If everything is set up correctly, you should see the robot spawn ~45 cm above the ground, fall briefly, and then stand stably in the crouched pose — no exploding joints, no penetration through the floor, no immediate falls.

Usage

python scripts/zero_agent.py --task=qmini-velocity --num_envs 10

Useful flags

  • --task — Gym task ID. Use qmini-velocity (training env) or qmini-velocity-play (smaller scene, no randomization).
  • --num_envs — number of parallel environments. Use 1 for visual inspection, larger values to stress-test stability.
  • --headless — run without the viewer window (faster; useful if you only want to confirm there are no crashes).
  • --disable_fabric — fall back to USD I/O instead of Fabric. Only needed if Fabric throws unexpected errors.

What it tells you

  • Robot stands stably in the crouched pose — URDF, stiffness/damping/armature, and init_state are consistent. Safe to start training.
  • Robot drifts and slowly tips over — likely stiffness too low, armature too low, or the crouch pose is not statically stable for this geometry. Re-tune PD gains.
  • Joints visibly jitter or oscillatestiffness too high relative to armature. Increase armature or reduce stiffness (see LEARN.md).
  • Feet penetrate the ground or the robot launches into the airinit_state.pos z is too low, or the URDF collision meshes are wrong.
  • Simulation crashes with NaN — almost always an actuator-config issue (effort/velocity limits, or armature = 0 with very stiff PD).

📦 Exporting a Policy to ONNX with export_onnx.py

To deploy a trained policy on the Jetson, export it to ONNX with scripts/export_onnx.py.

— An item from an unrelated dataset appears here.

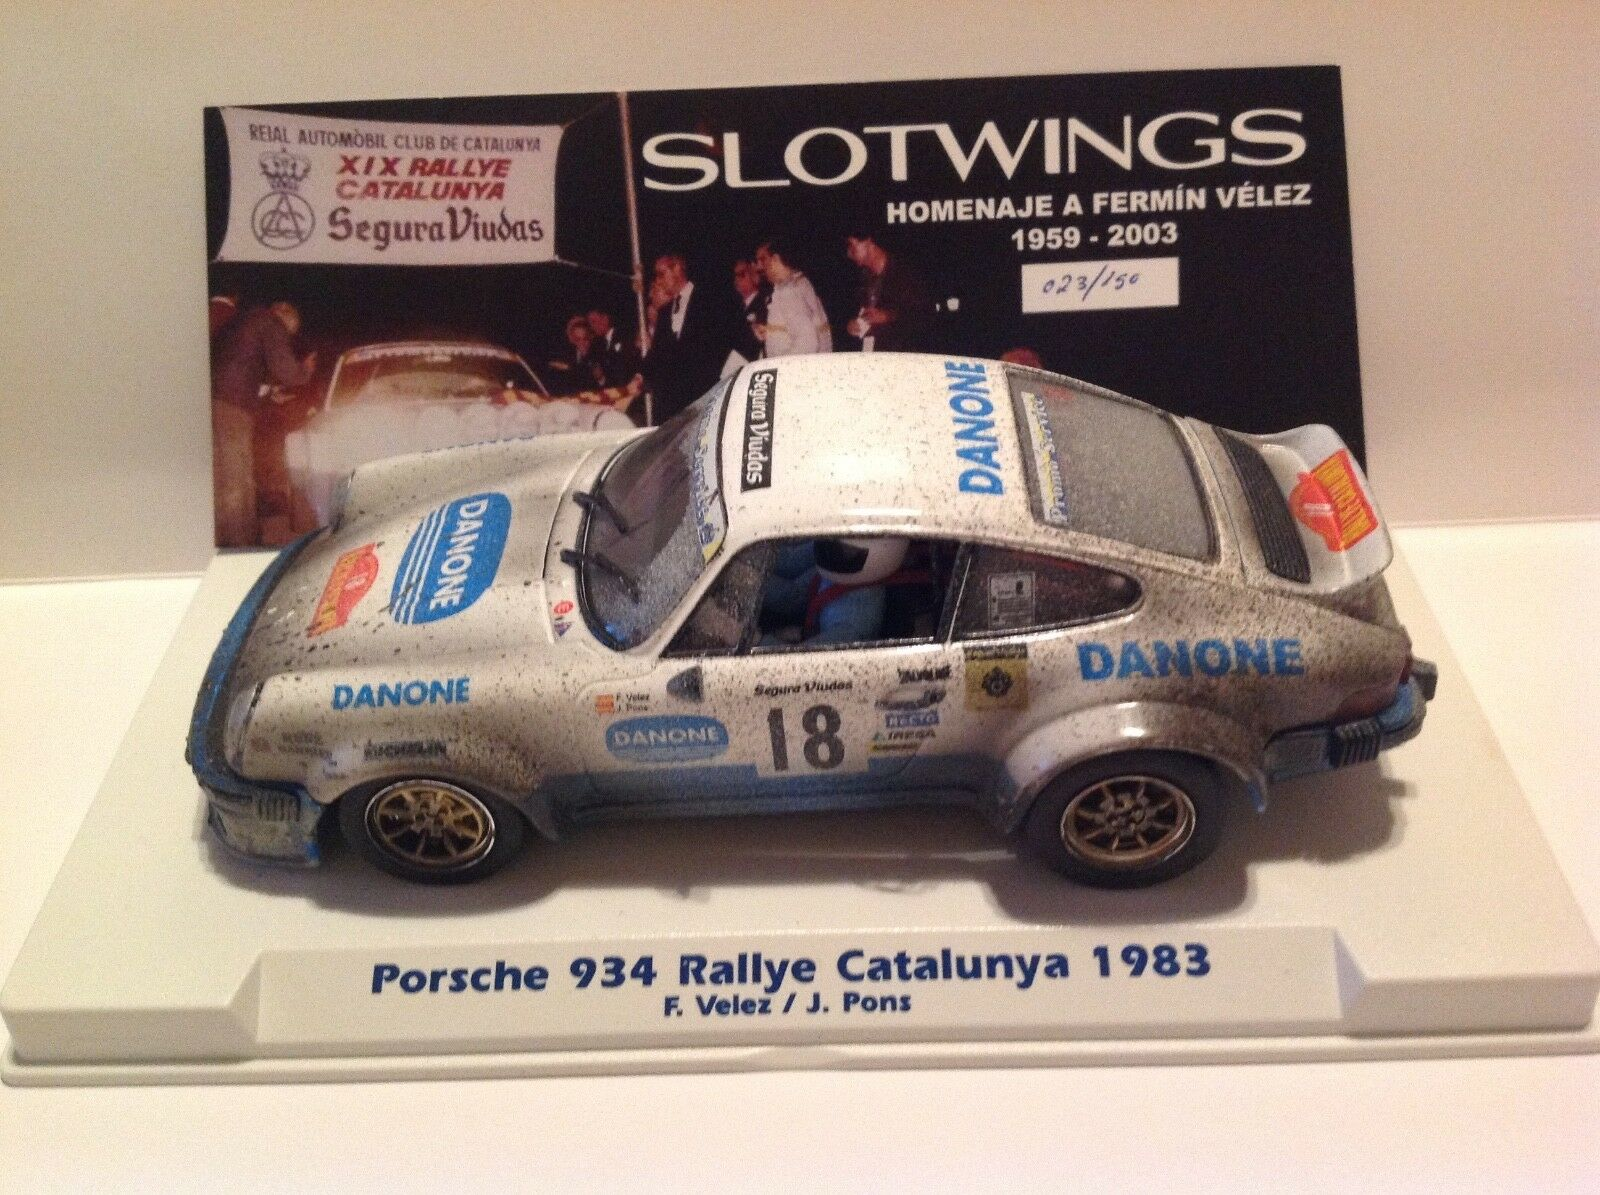 SLOTWINGS PORSCHE 934 Rallye Catalunya 1983 avec boue LTD. EDITION-NEUF

Pass the date folder of the training run; the script picks the latest model_*.pt in logs/rsl_rl/qmini/<date>/ and exports it:

python scripts/export_onnx.py 2026-05-24

This writes the result to policy.onnx in the project root. The exported graph is the deterministic actor — it maps raw observations directly to action means (the Qmini PPO config uses no observation normalization).

Why a standalone script (instead of play.py)

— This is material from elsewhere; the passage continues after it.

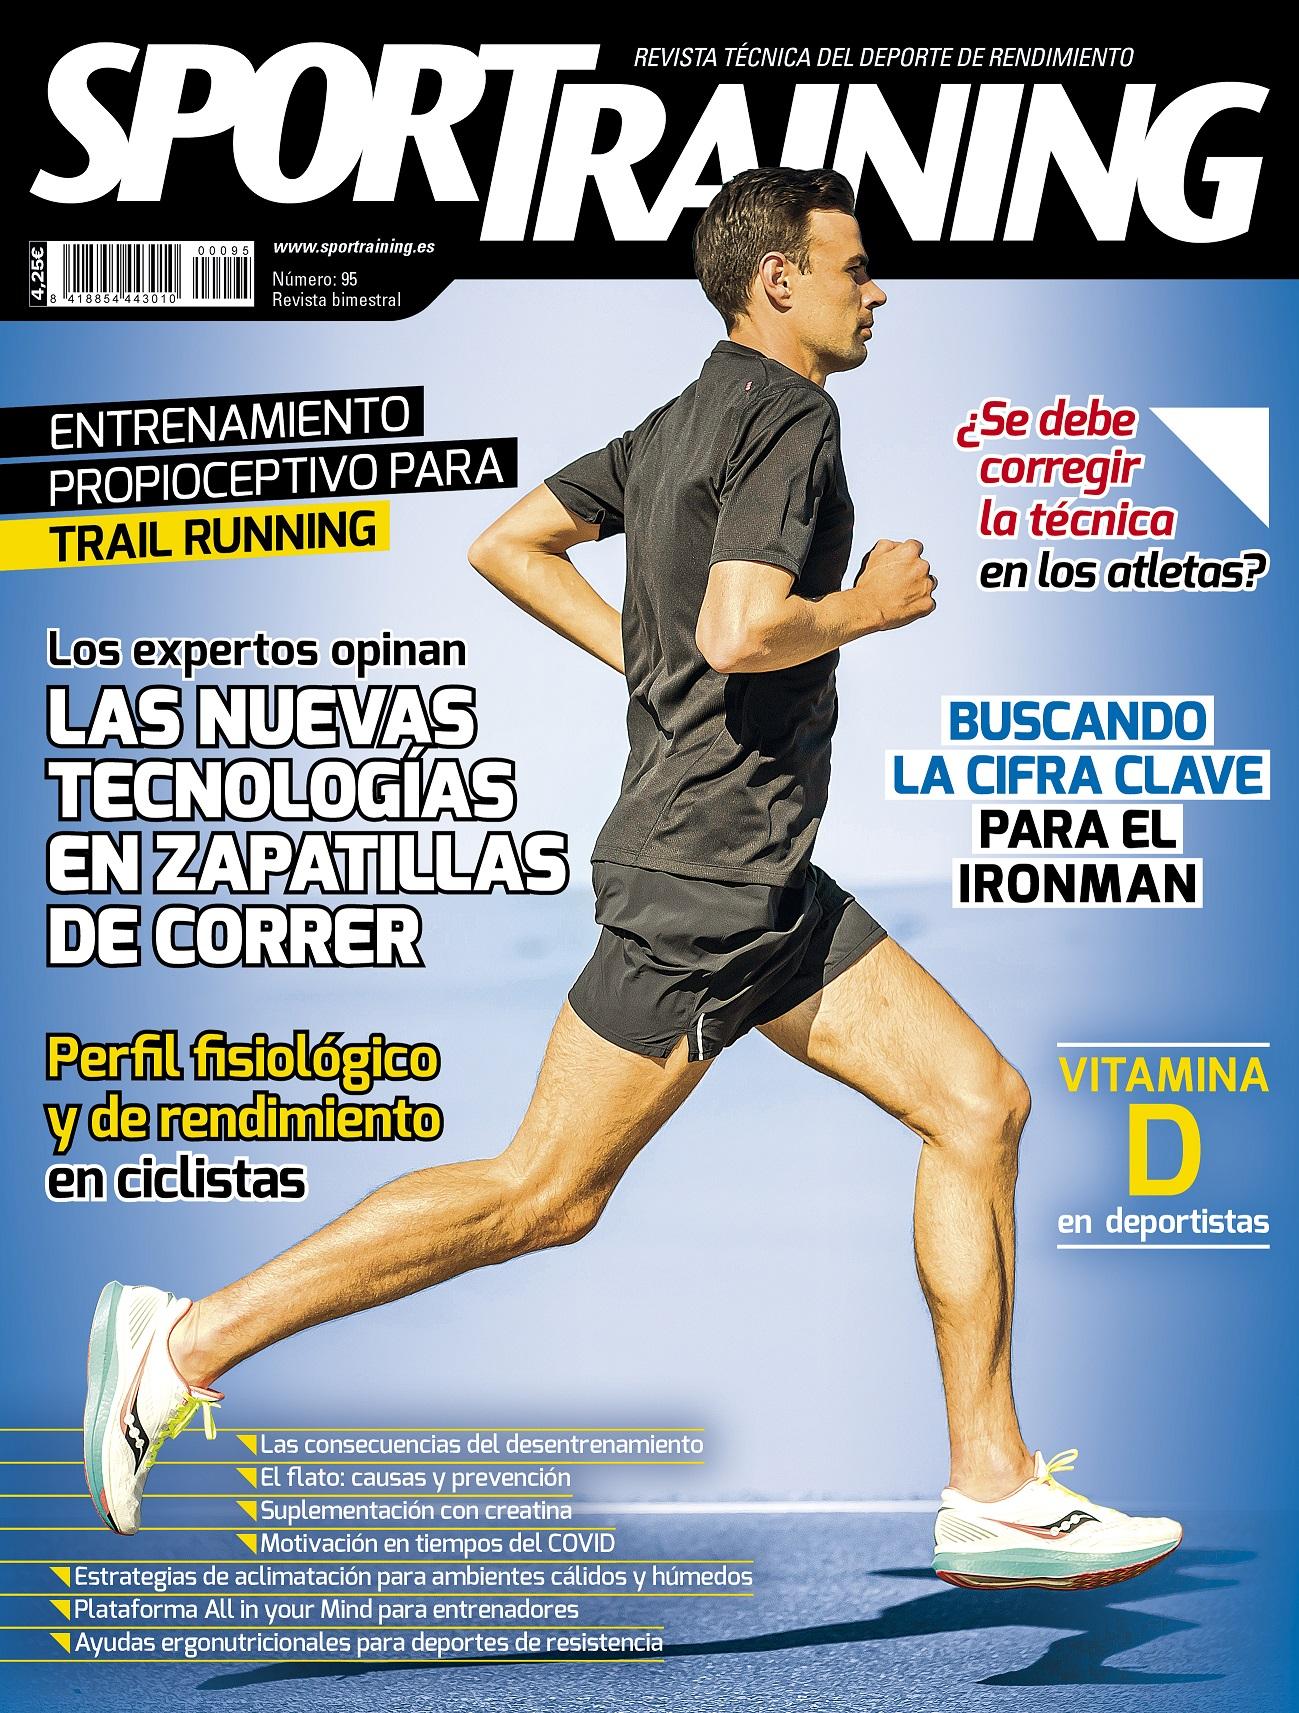 Sportraining nº 95 (marzo/abril 2021)

play.py also exports ONNX via the built-in Isaac Lab exporter, but that exporter expects the legacy ActorCritic layout and silently skips the export for the newer rsl-rl mlp.* weight layout this project trains with. export_onnx.py sidesteps that: it reconstructs the actor MLP directly from the checkpoint's actor_state_dict, so it does not boot Isaac Sim and does not depend on the installed rsl-rl version.

Verification

If onnxruntime is installed (it is a project dependency), the script runs the exported graph and compares it against the PyTorch model on random inputs, printing the max absolute difference:

[INFO] PyTorch/ONNX max abs diff: 5.364e-07 (OK)

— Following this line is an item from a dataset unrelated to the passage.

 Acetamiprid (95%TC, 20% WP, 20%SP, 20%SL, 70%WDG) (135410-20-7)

A difference below 1e-5 confirms the export is faithful and safe to deploy.

Useful flags

  • --activation — hidden activation, default elu (matches PPORunnerCfg).
  • --opset — ONNX opset version, default 12.
  • --key — state-dict key inside the checkpoint, default actor_state_dict.

Note: The script always exports the latest checkpoint in the folder, which is not necessarily the best-performing one — RL reward can be noisy near the end of training. Validate with play.py rollouts before deploying.

Tip: zero_agent.py is also the fastest way to validate any change to qmini.py or the URDF before you spend GPU hours training.